When kids are pressured to perform, they undoubtedly feel
and internalize that pressure. And, while it may cause them to excel at the
sport for awhile, it will eventually, in most cases, lead to burn-out. Kids
won’t want to play the sport that they’ve been spoiled on, and if they do, it
will only be because their parents are making them. For them, all the joy and
fun has been taken out of the sport, and they’ve reached serious burn-out at a
very early age, the exact opposite of what those well-meaning but high-pressure
coaches and parents wanted when they were doing the pressuring.
So, how can coaches and parents avoid burn-out and a loss of
passion for the sport? The answer is actually quite simple- it’s to focus not
so much on performance, but, instead, on long-term development.
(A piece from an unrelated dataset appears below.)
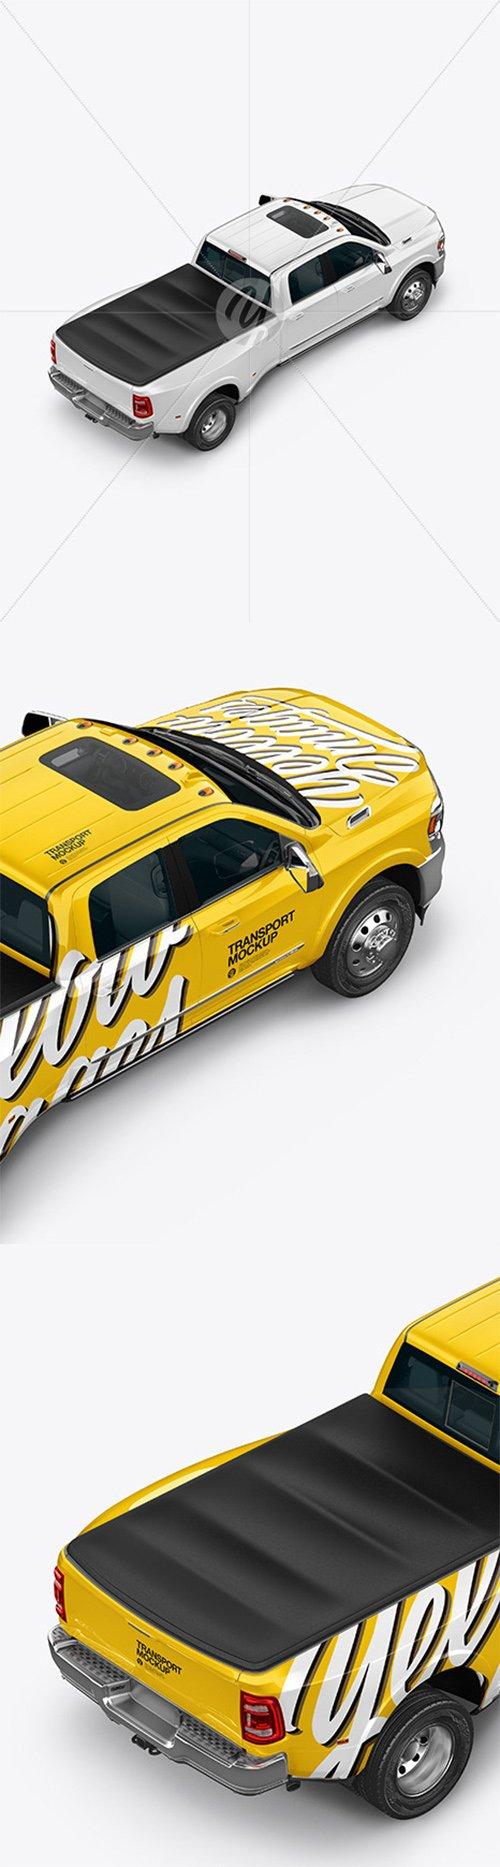 Pickup Truck Mockup - Back Half Side View 64211
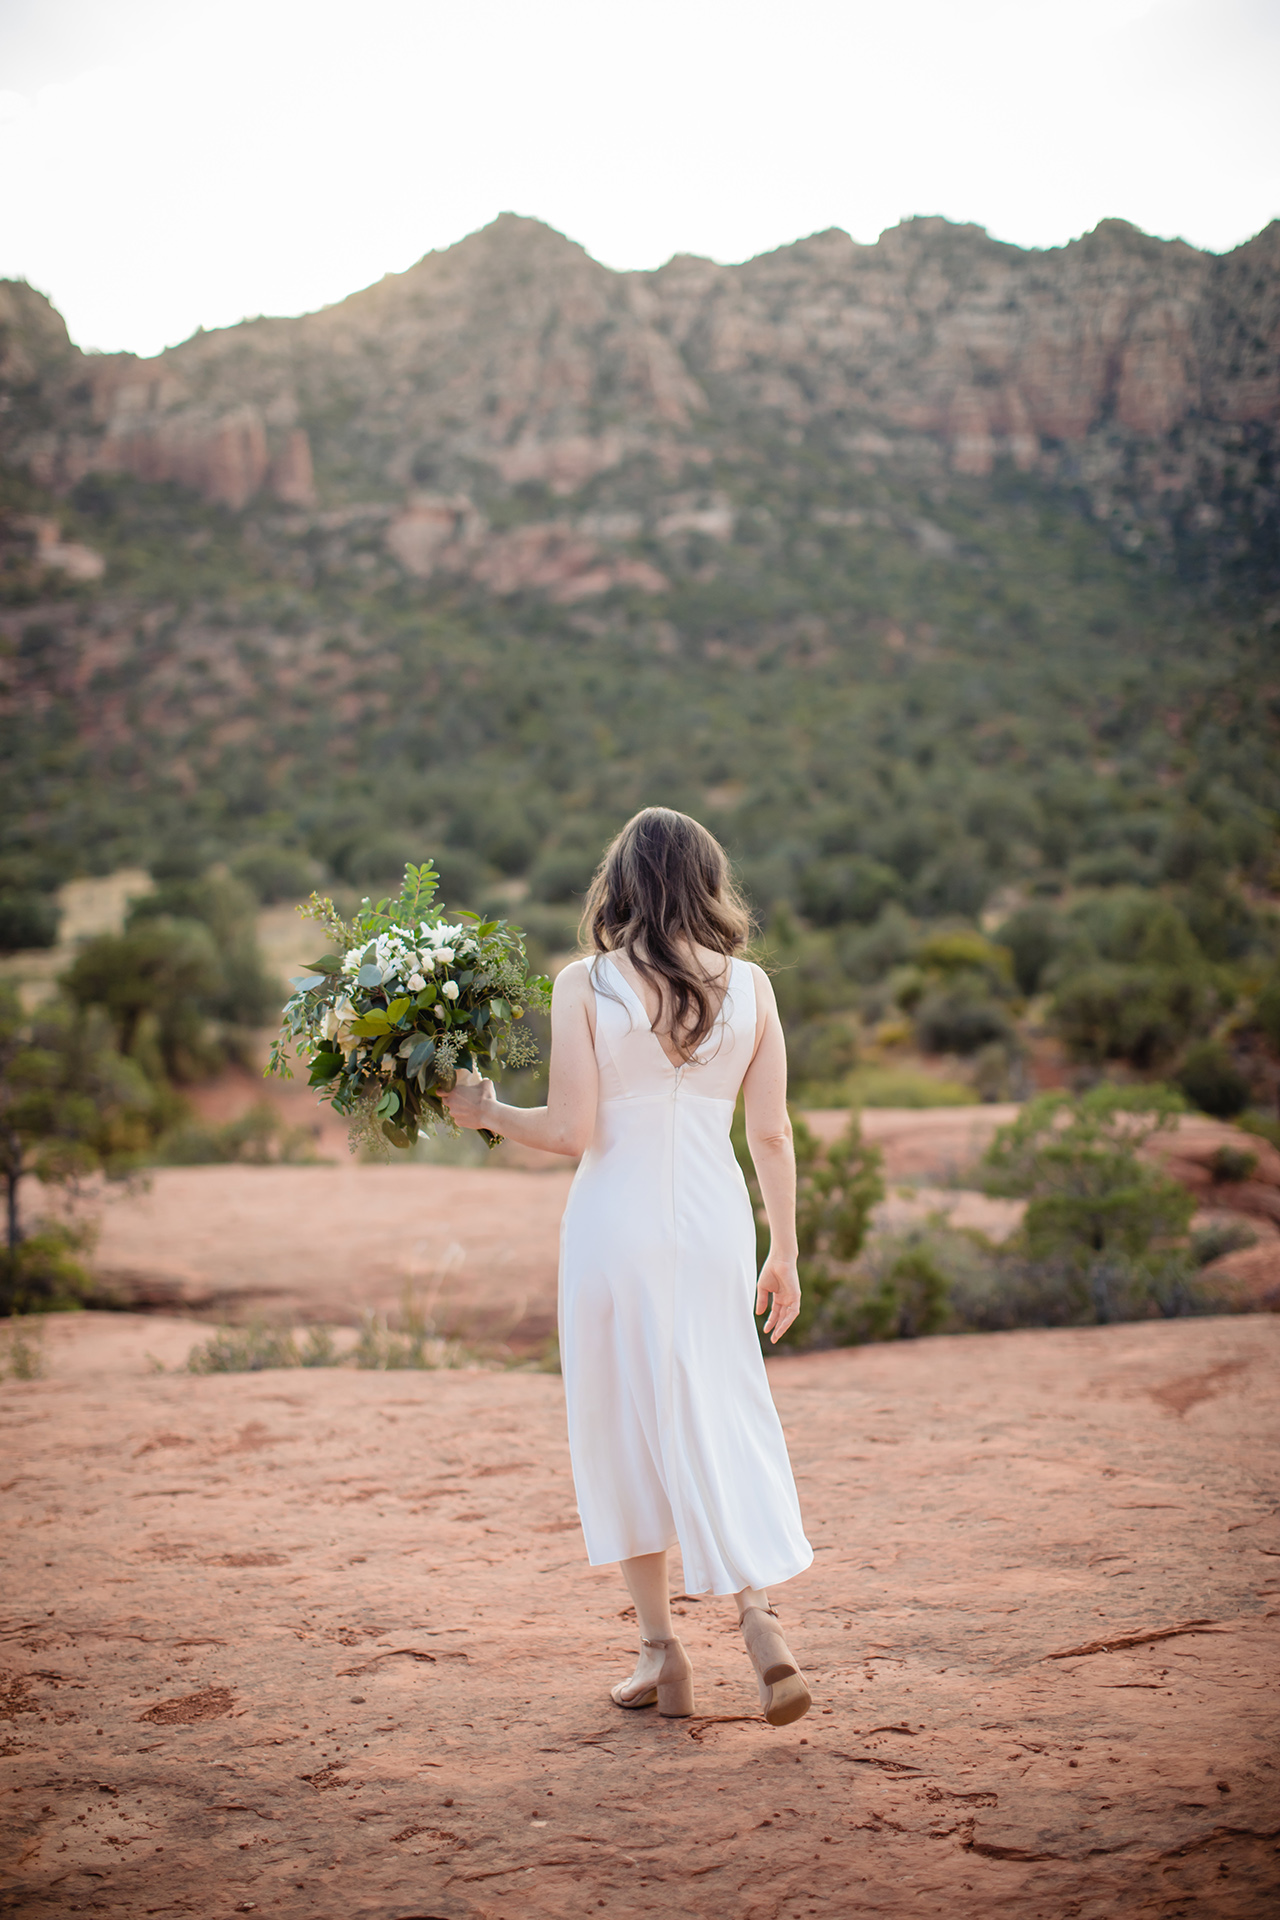 Wedding Photography for Sedona, AZ | the formidable red rocks define the desert landscape around her

Long-term development is a principle that is concerned with
how the athlete develops both as an athlete and as a person over-time. When
this principle is in place, coaches focus not on performance but on developing
skills, both on-the-ice skills and real life skills, like leadership and work ethic,
that will carry a player through both his journey with the sport and through
life in general. They focus on building the athlete as a WHOLE person and in
fostering fun and love for the sport, rather than ruining it with pressure and
constant demands.
The result, surprisingly, is often better, more skilled,
happier, and more well-rounded athletes...ones who don’t burn out before high
school and who develop a lifelong love of the sport. With results like that, it
is certainly worth a try!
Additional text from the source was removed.